Patrick loved cathedrals. He and Mary lived in the shadow of one of the greatest – Lincoln. Every morning, when at home, that huge building towered before him – a symphony in carved stone pointing heavenward.

For Patrick, Parliament is where we had come, over generations untold, to learn the art and practice of dispute resolution

He loved books too. Political chats were infused with his learning. I had two Westminster friends who would regularly enliven my Sundays on the telephone (and they were great chums too), Patrick and Tam Dalyell. 

Patrick had a gift for friendships that ignored party divisions. Jim Callaghan, for example, was another pal. Over the past decade, Patrick came more and more to believe that, so great are the problems facing the country, that we need a national government for a time and wrote letters to The Times about it.

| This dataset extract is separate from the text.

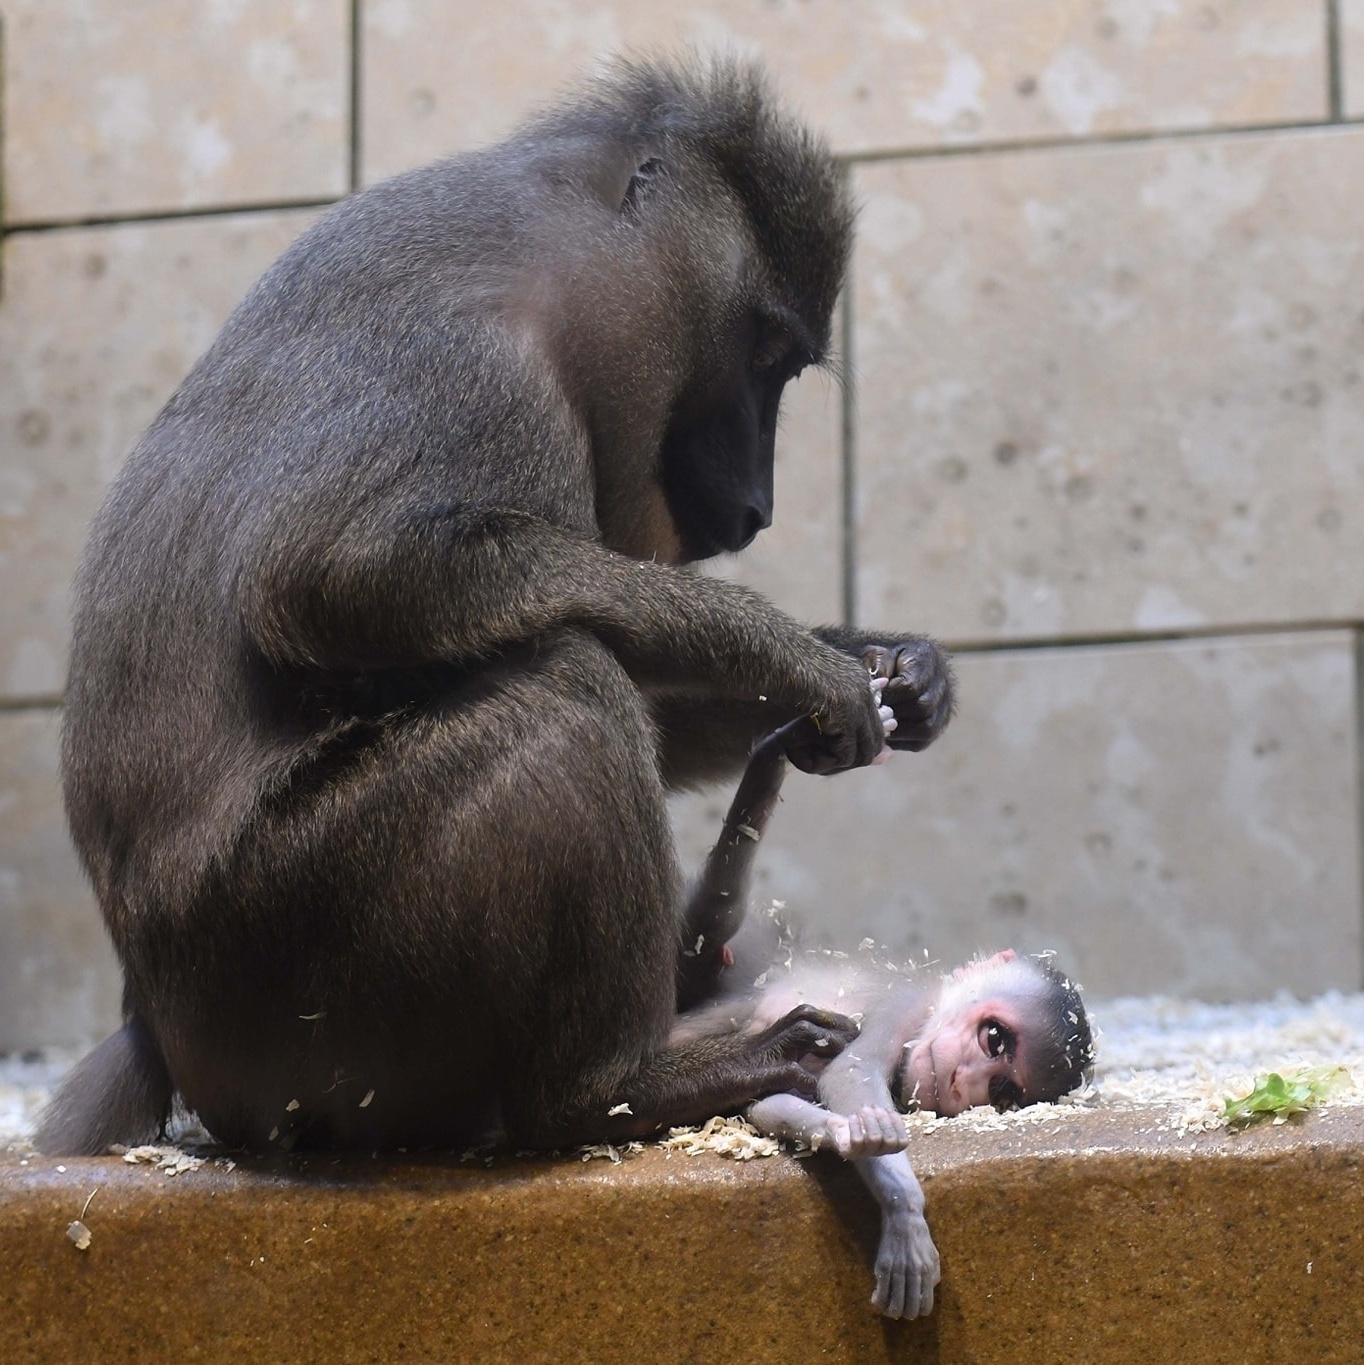 Imagens revelam o exato momento do parto de um macaco

I shall miss his companionship and his thoughts, his observations on character and circumstance. At 10:10 precisely on Sunday mornings, the phone would ring and we would try and make sense of the week gone by. Now I will have to find another reason for not listening to The Archers omnibus edition. 

Lord Hennessy is a crossbench peer

I was recently in the Bishops’ Bar and a number of colleagues greeted me as “Cormack’s bishop”. One of my predecessors as Bishop of Lincoln, Bob Hardy, reminded the public at the beginning of his ministry that he was the REAL bishop, in the light of Patrick’s strong and assertive association with the cathedral and county.

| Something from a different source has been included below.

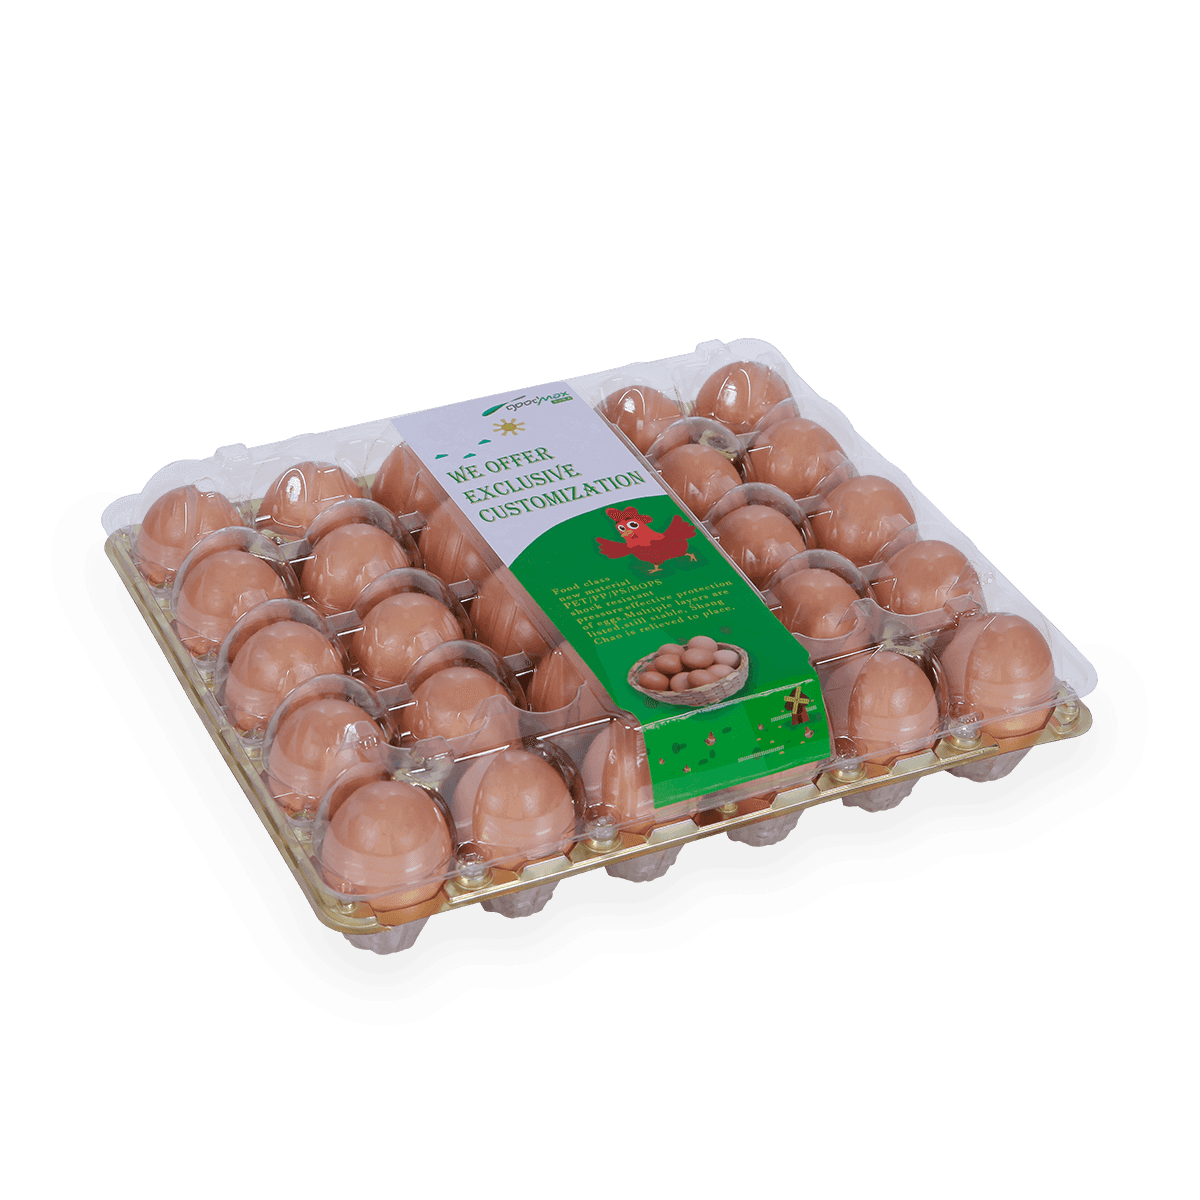 Poultry farm 30 holes cells egg carton

I celebrate Patrick’s profound Christian faith, rooted in the language and cadence of his beloved Book of Common Prayer. He rarely missed the early service of Holy Communion on Sundays at Lincoln Cathedral and was often at Evensong, a keen supporter of the cathedral choir. He took his role as deputy high steward very seriously. He had a long track record as a devoted church warden in Staffordshire, who led worship himself when a priest was not available so that there was no Sunday when God’s name was not praised. He also served with distinction as church warden at St Margaret’s, Westminster. 

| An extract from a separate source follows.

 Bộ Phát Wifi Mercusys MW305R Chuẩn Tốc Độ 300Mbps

I enjoyed unfailing support from Patrick. This was also true of at least four predecessors. He was also a close friend of Keith Sutton, sometime Bishop of Lichfield, in whose diocese he served with distinction as a Member of Parliament for 40 years. 

Patrick was a firm supporter of the place of Lords Spiritual in the House of Lords. This did not exempt us from criticism or forceful exhortation. Only a few weeks ago he was encouraging me to make more time to be in attendance because there were occasions when, in his view, one or more of us should have been speaking out on some moral of spiritual issue arising from the deliberations of the House. Jokes about his being the “shadow” Bishop of Lincoln found some ground in his rising to his feet to offer an explicitly traditional Christian contribution to any debate where Lords Spiritual were not present or deemed not clear enough. This carried over into his significant contribution to the General Synod, the representative assembly of the Church of England.

We shall miss the Cormack effect hugely in the City of Lincoln

We shall miss the Cormack effect hugely in the City of Lincoln and across Greater Lincolnshire. Patrick was a tireless animator and fundraiser for many good causes. He was an innovative president, patron and chair of organisations and groups guaranteeing the better conservation and interpretation of our heritage and access to it. He excelled at drawing people in to support his causes. On more than one occasion he invited me to say grace at a fundraiser only to discover that I was giving the keynote speech. 

Obituaries have failed sufficiently to capture his essence. He was a cultured and resolute person who was also deeply compassionate and – with Mary, his dear spouse – warmly hospitable and generous. At a recent Prayerbook Society occasion in Lincoln, Patrick was in full flight as the president. As Disraeli said of Gladstone, Patrick could present as “a sophistical rhetorician inebriated by the exuberance of his own verbosity”; but he was undoubtedly a humorous, dedicated and godly friend. Our loss is heaven’s gain.